=== PROBLEM STATEMENT ===
Copy out the full data exactly as given; pictures should not be included.

=== MATERIAL PROVIDED ===

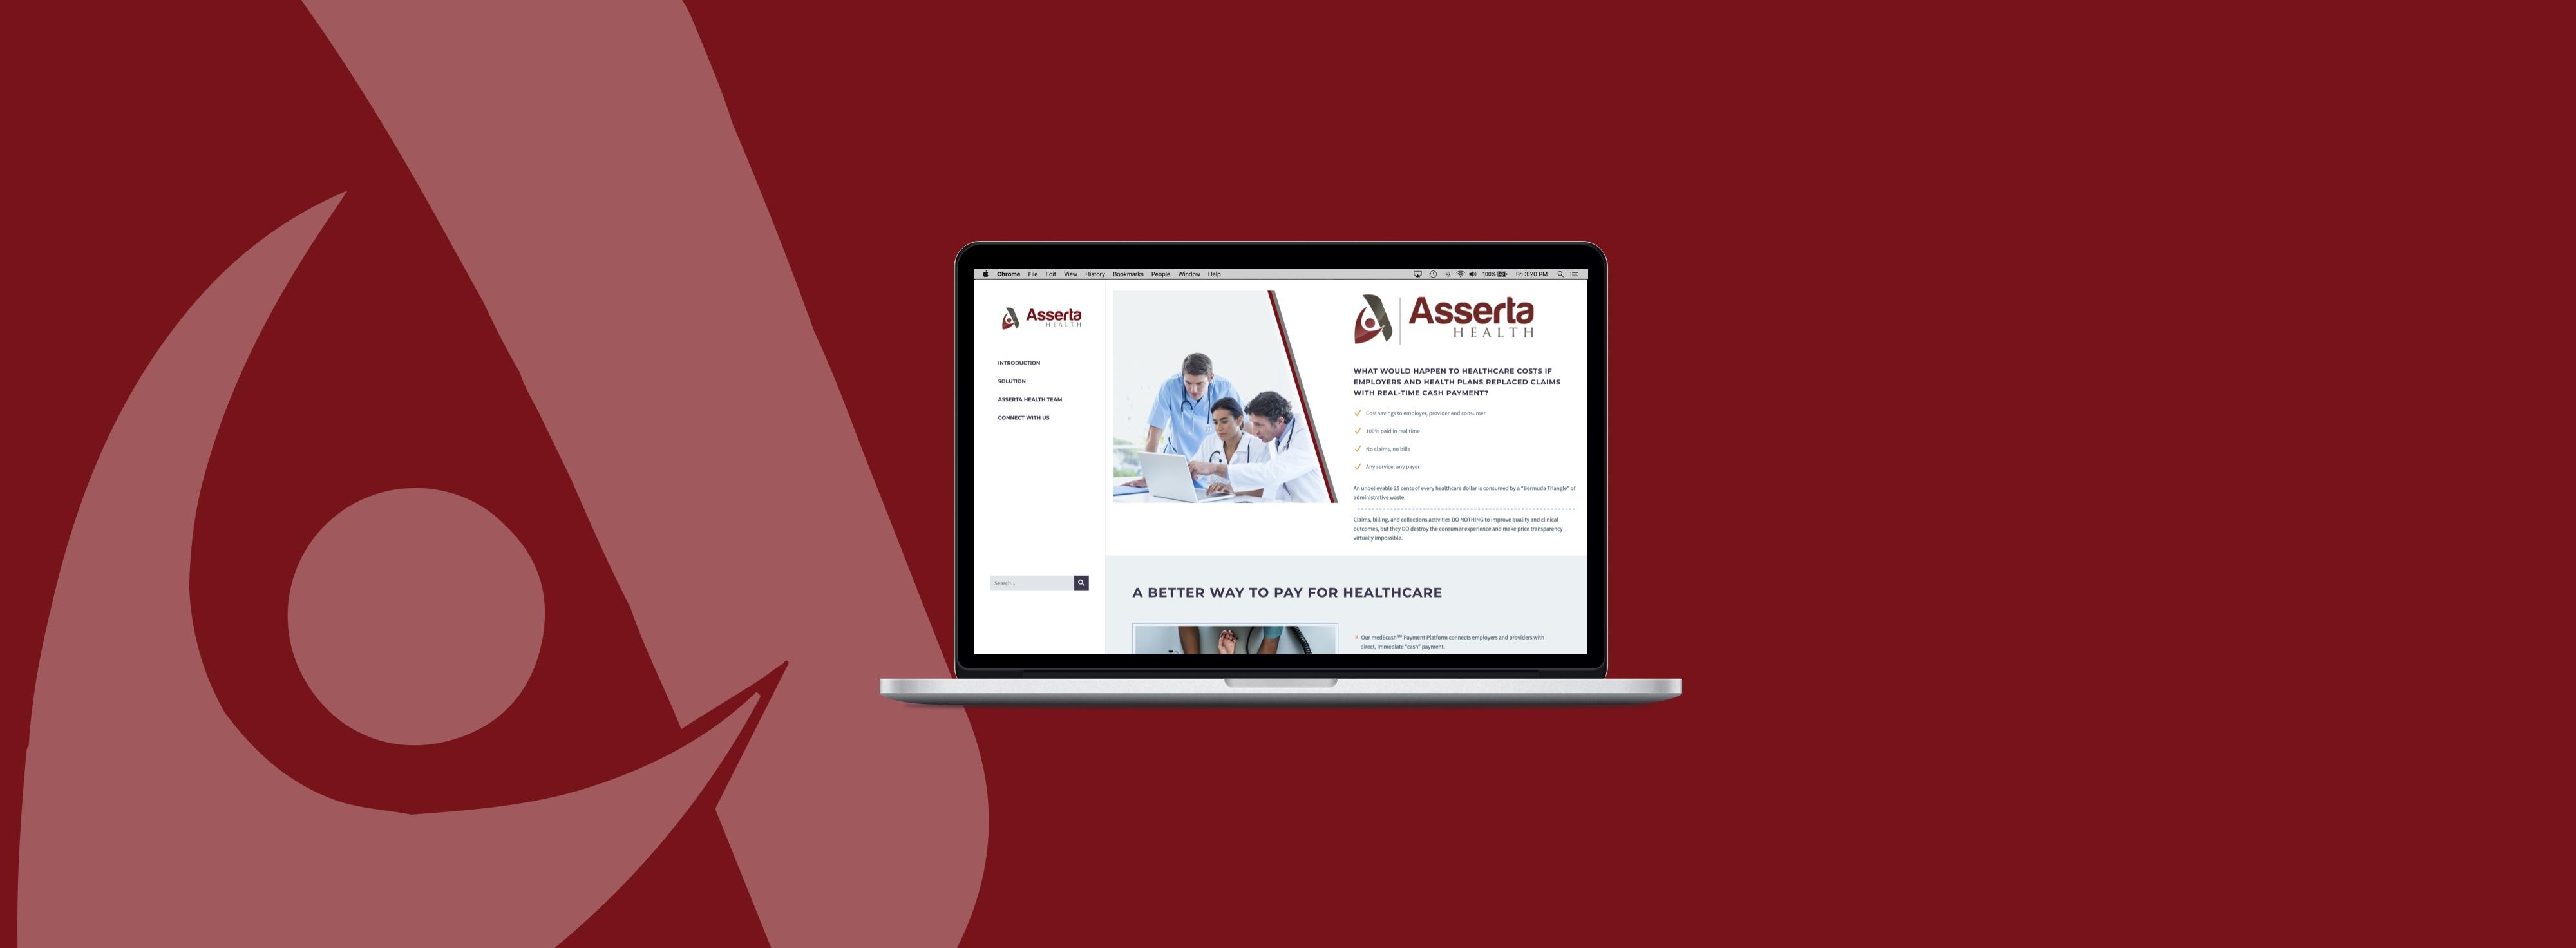 asserta health featured image
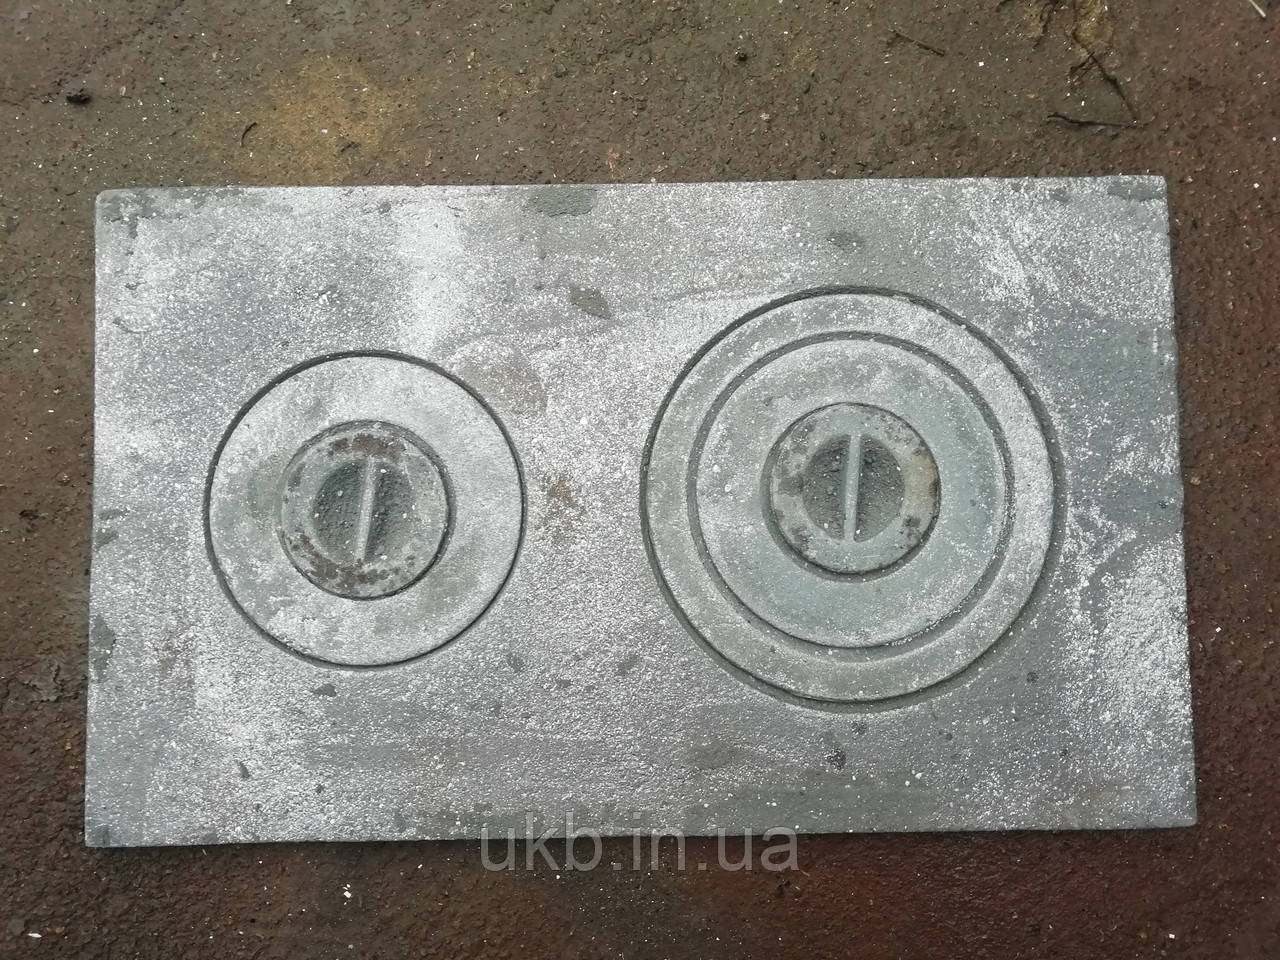 "Плита чавунна двухкомфорочная 590*350 мм ЗБ"" / Плита чавунна двокамфорна 590*350 мм ""ЗБ"""
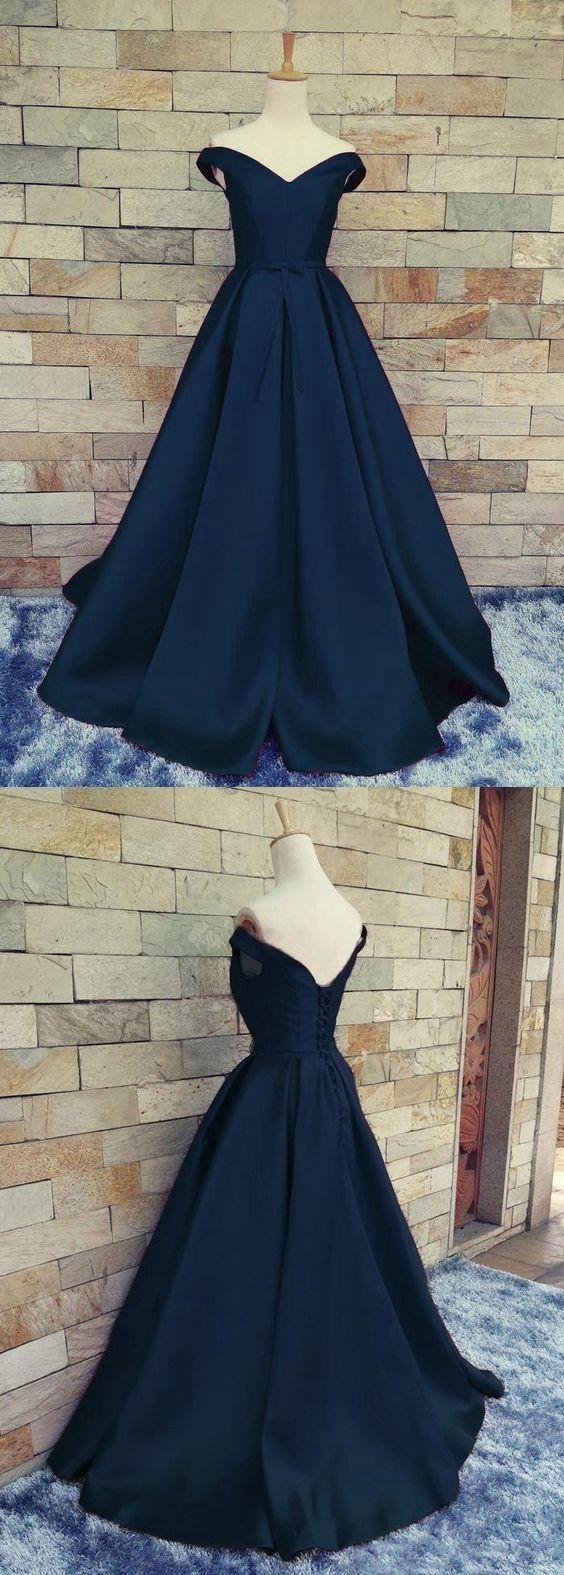 Navy blue prom dressball gown prom dresslong prom dressoff
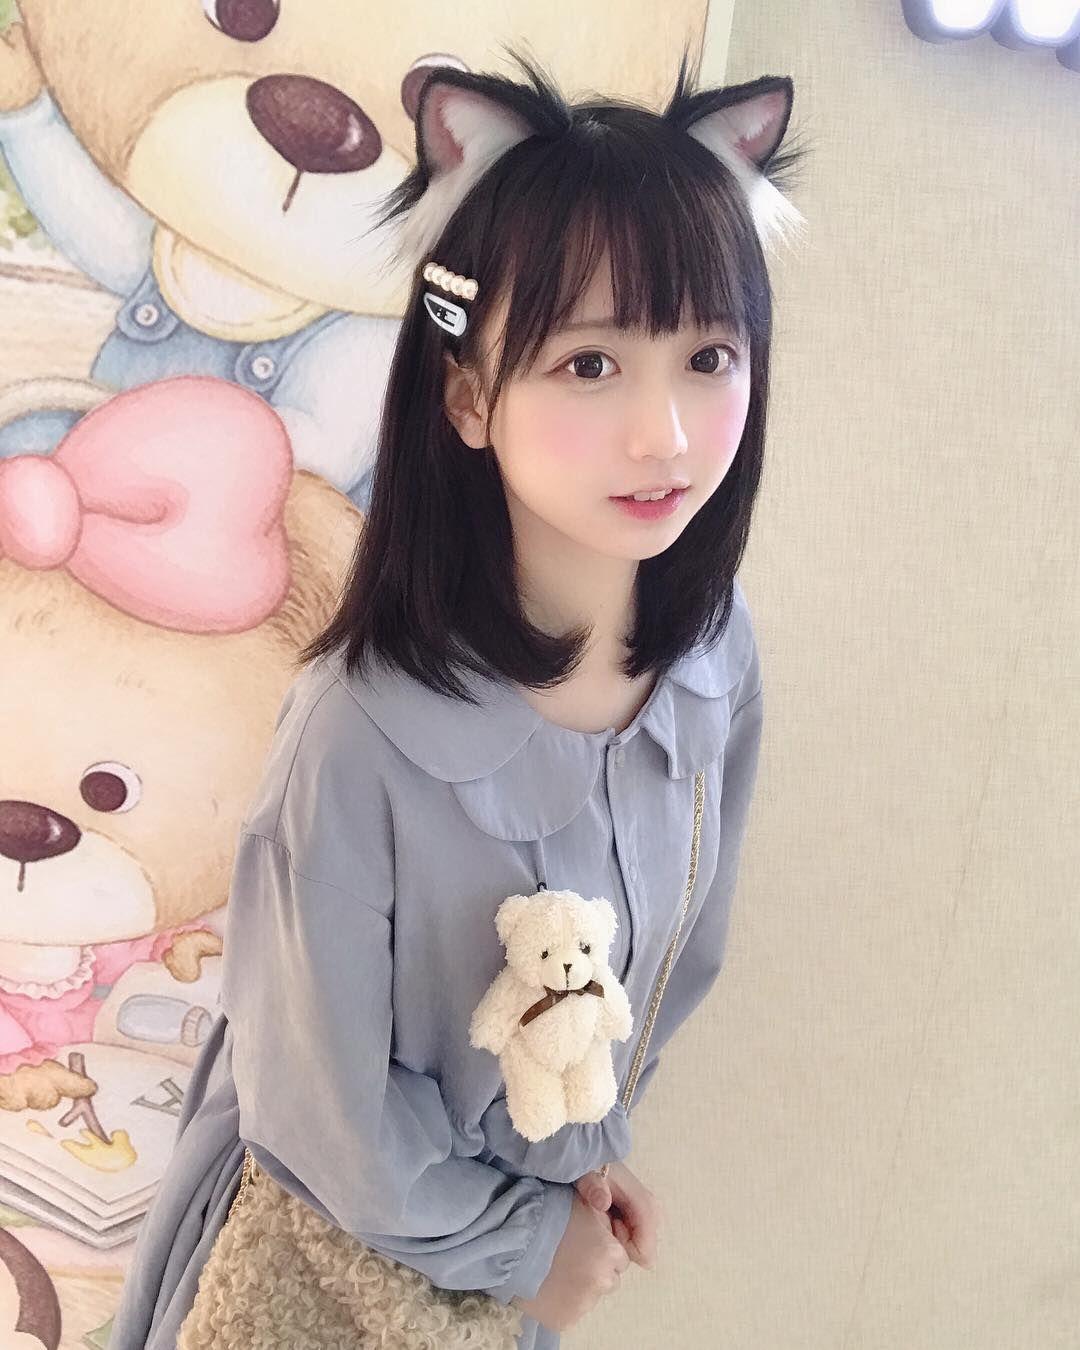 Gambar mungkin berisi 1 orang ねこ, かわいい, 可愛い女の子

=== OUTPUT FOR THIS TASK ===
 asserta health featured image
 "Плита чавунна двухкомфорочная 590*350 мм ЗБ"" / Плита чавунна двокамфорна 590*350 мм ""ЗБ"""
 Navy blue prom dressball gown prom dresslong prom dressoff
 Gambar mungkin berisi 1 orang ねこ, かわいい, 可愛い女の子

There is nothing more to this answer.